WHAT TO WORK ON:
Produce an exact copy of all the data below, dropping every image.

SOURCE DATA:

────

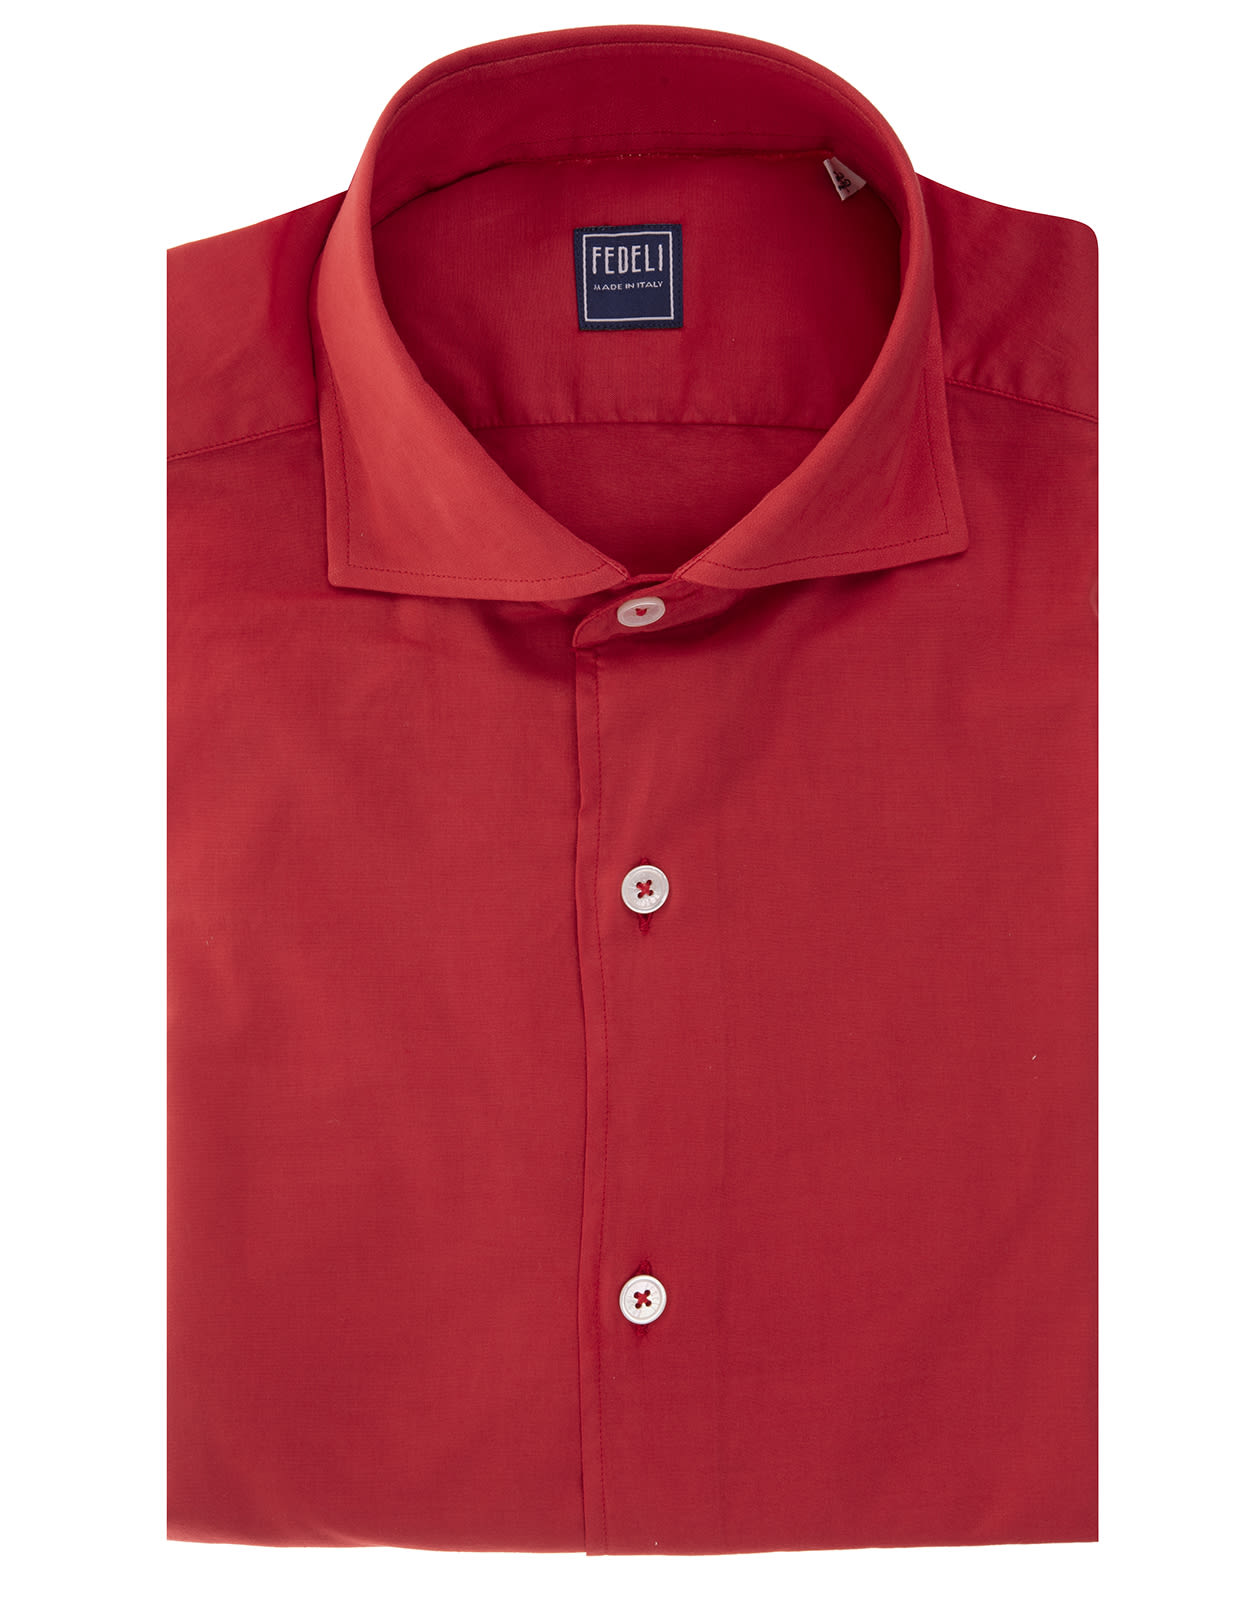 Fedeli Man Red Lightweight Cotton Shirt
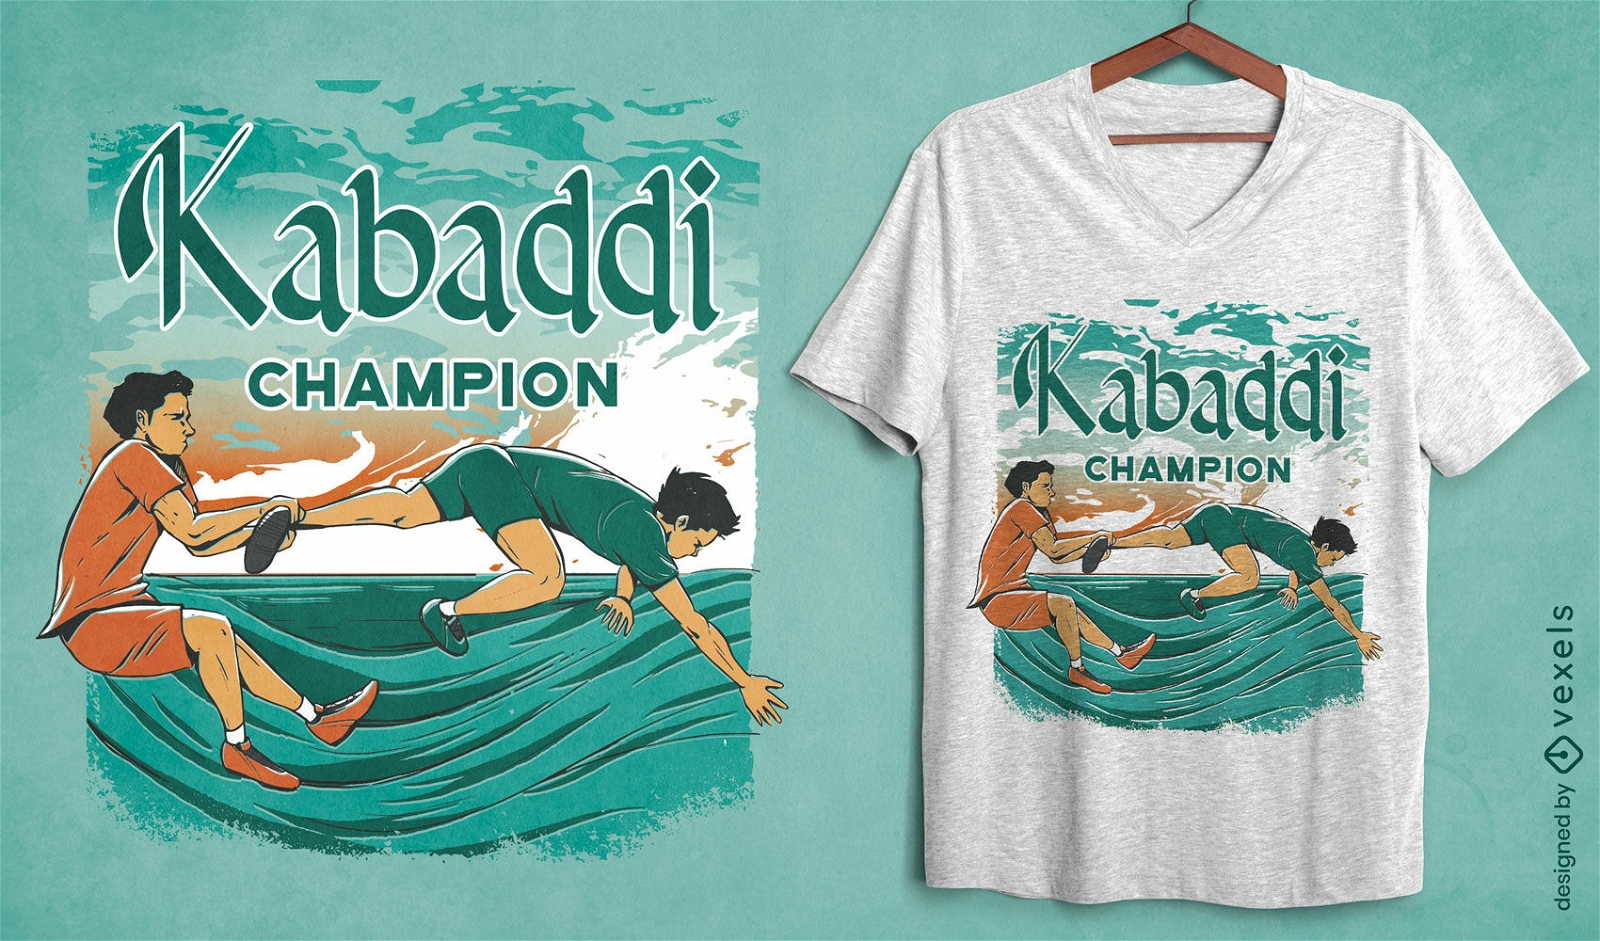 Kabaddi champion t-shirt design
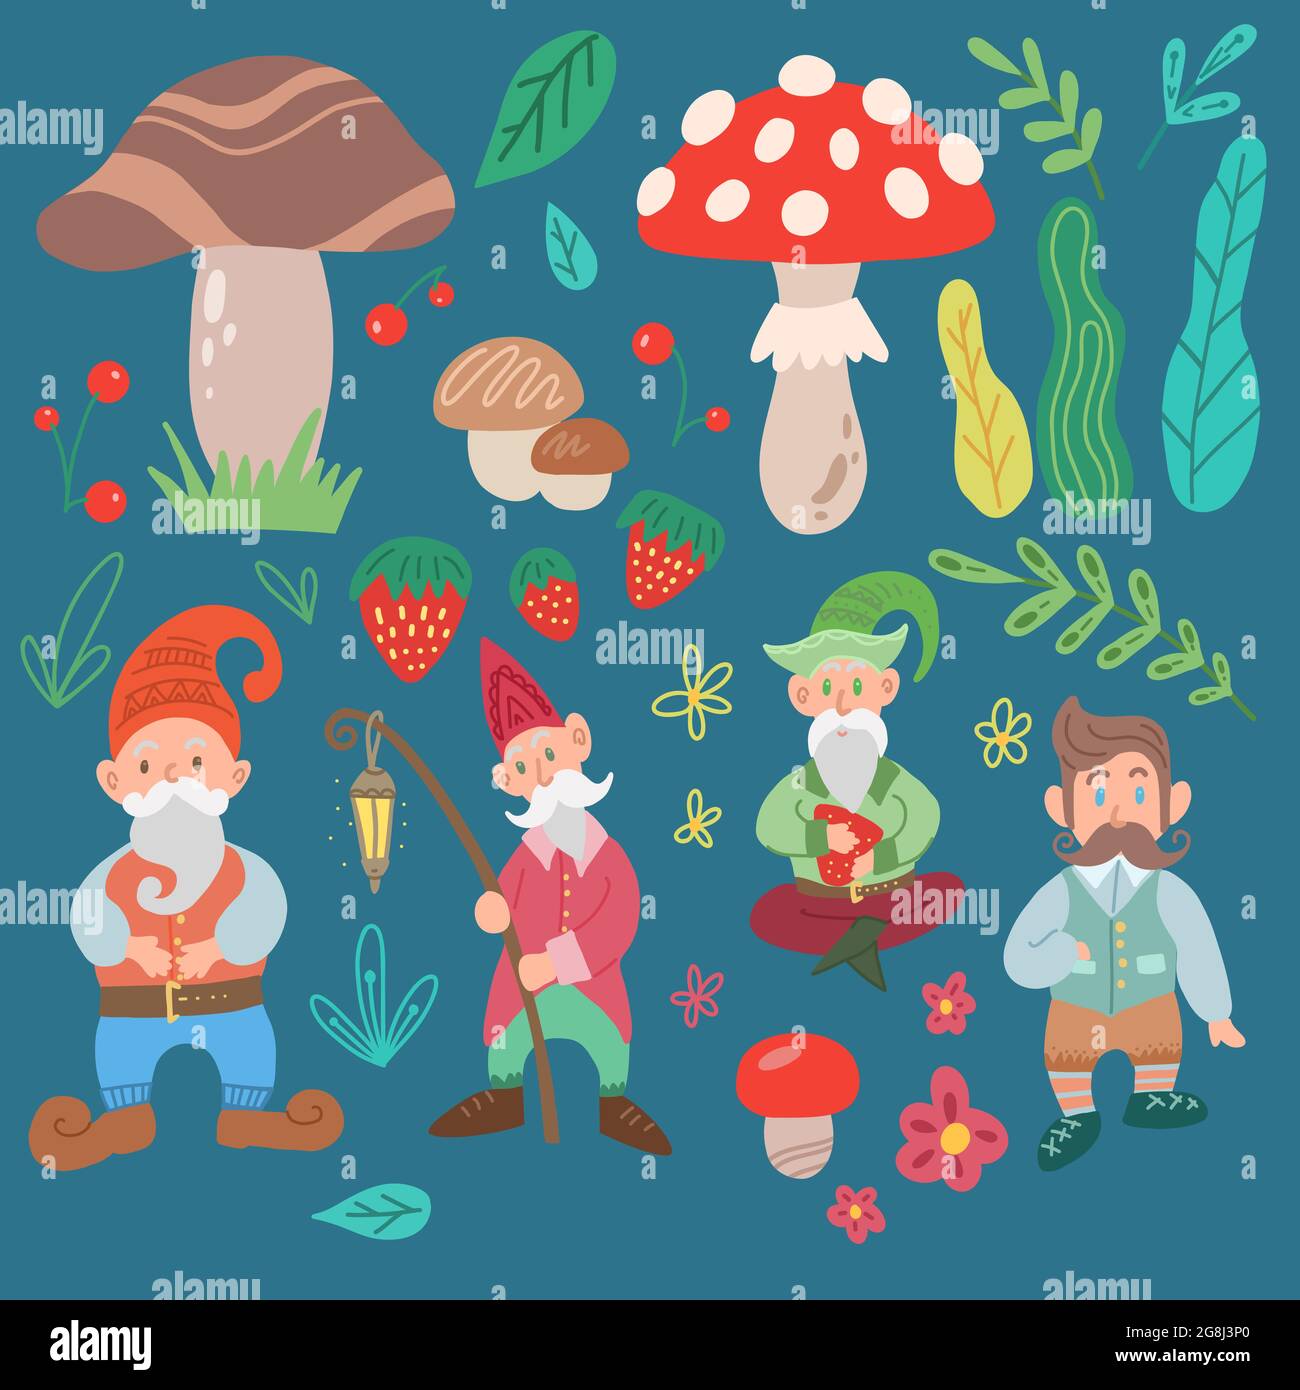 Ensemble de divers gnomes, champignons, feuilles et fleurs isolés de l'arrière-plan. Personnage de fée de dessin animé à la main et éléments de nature. Les lixipréchonnes Illustration de Vecteur

────

COMPLETED TASK:
 Fedeli Man Red Lightweight Cotton Shirt
 Kabaddi champion t-shirt design
 Ensemble de divers gnomes, champignons, feuilles et fleurs isolés de l'arrière-plan. Personnage de fée de dessin animé à la main et éléments de nature. Les lixipréchonnes Illustration de Vecteur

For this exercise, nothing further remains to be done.